REQUIRED WORK:
Please, could you print all the lines below exactly, leaving out the pictures?

DATA SHOWN:
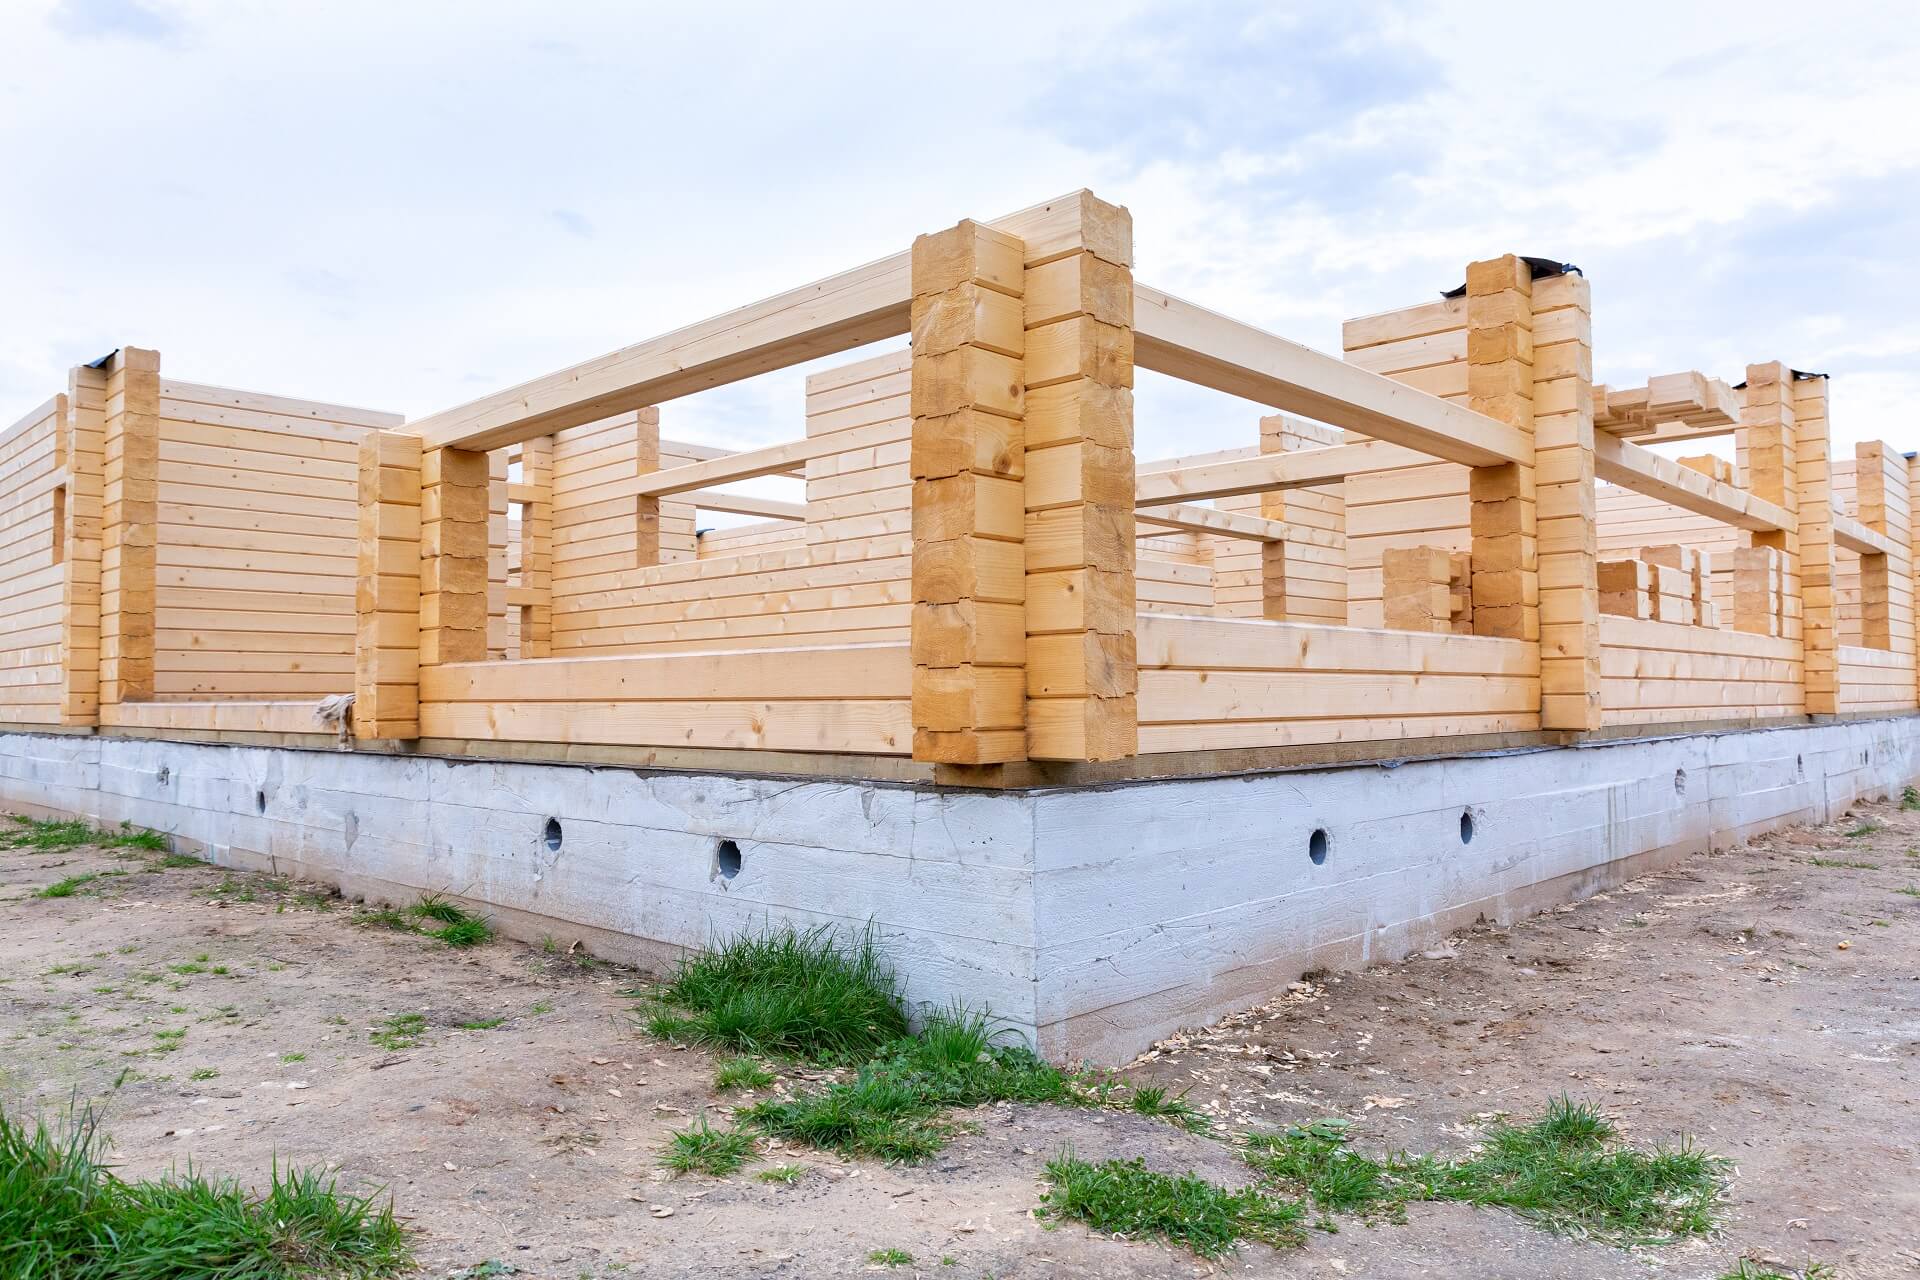 Ein Bild, das den Bauprozess eines Holzhauses auf einem Zementfundament zeigt. Erfahren Sie mehr über die Bedeutung von Stabilität und einer soliden Grundlage in diesem Bauprojekt.
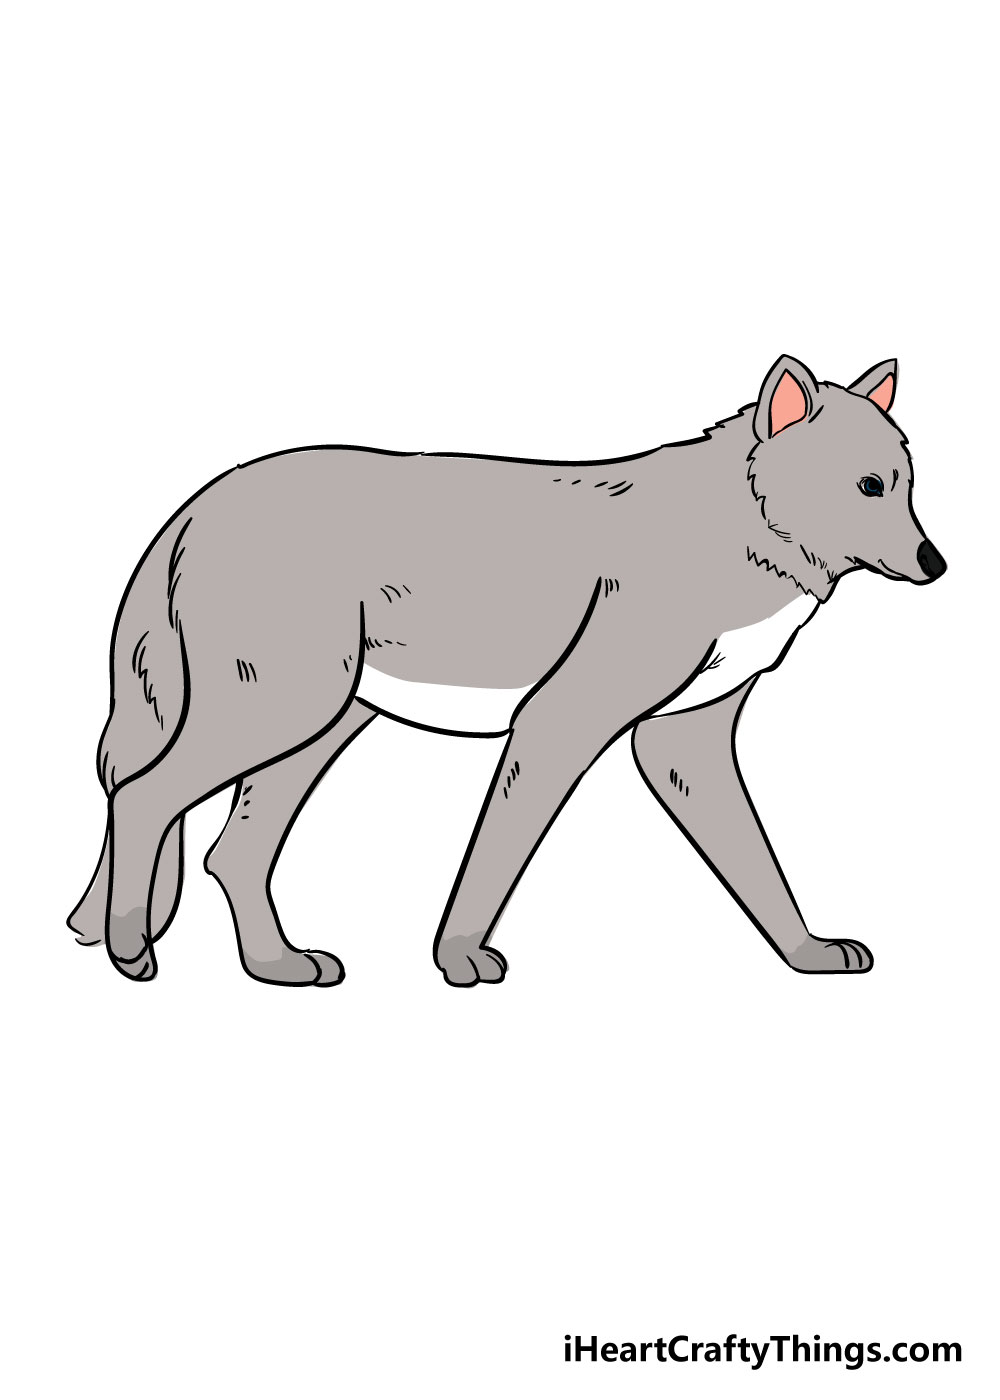 How to draw Wolf 6 - Hướng dẫn cách vẽ con chó sói đơn giản với 6 bước cơ bản
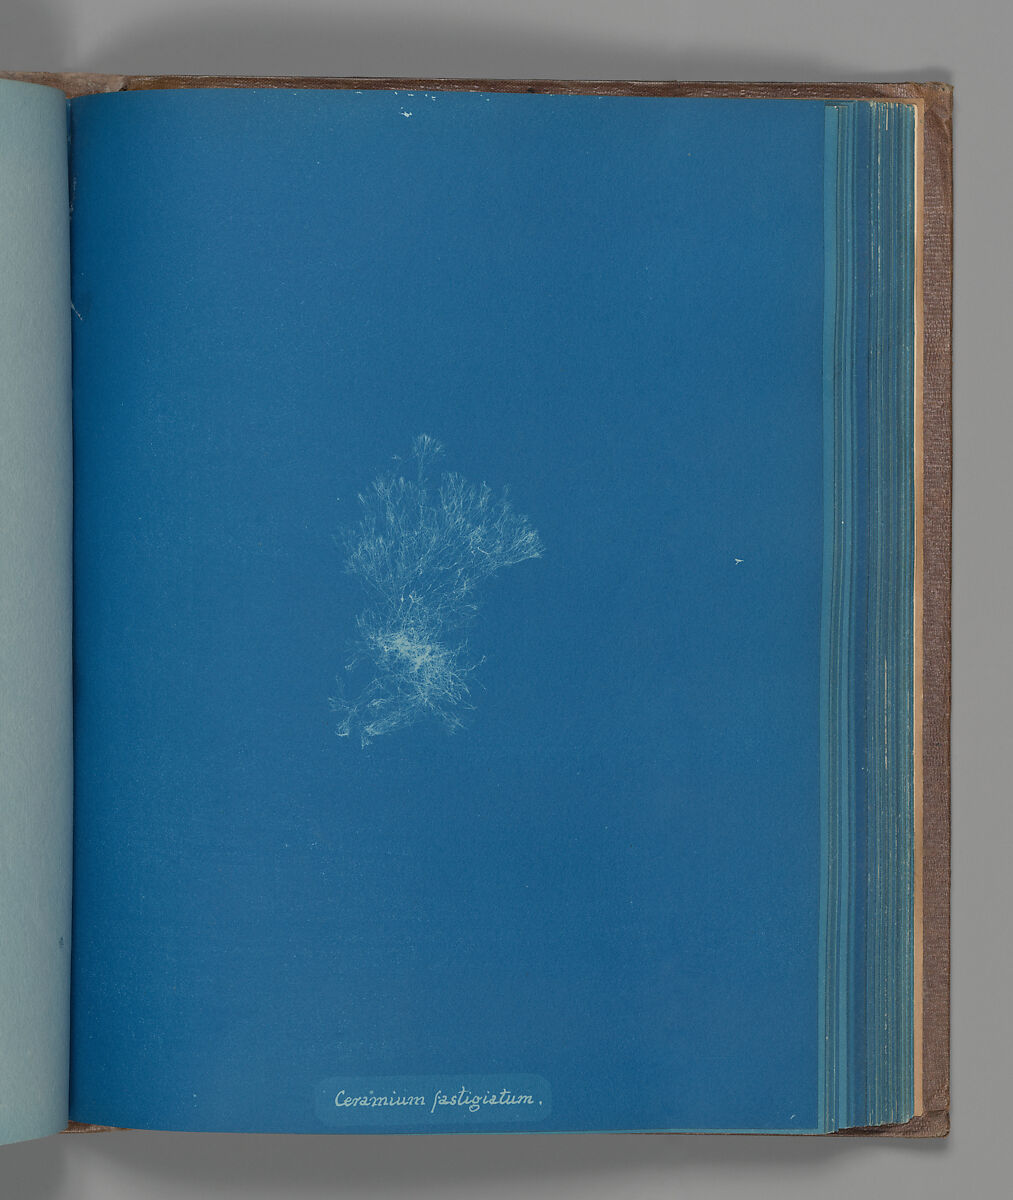 Ceramium fastigiatum, Anna Atkins (British, 1799–1871), Cyanotype

ANSWER SECTION:
 Ein Bild, das den Bauprozess eines Holzhauses auf einem Zementfundament zeigt. Erfahren Sie mehr über die Bedeutung von Stabilität und einer soliden Grundlage in diesem Bauprojekt.
 How to draw Wolf 6 - Hướng dẫn cách vẽ con chó sói đơn giản với 6 bước cơ bản
 Ceramium fastigiatum, Anna Atkins (British, 1799–1871), Cyanotype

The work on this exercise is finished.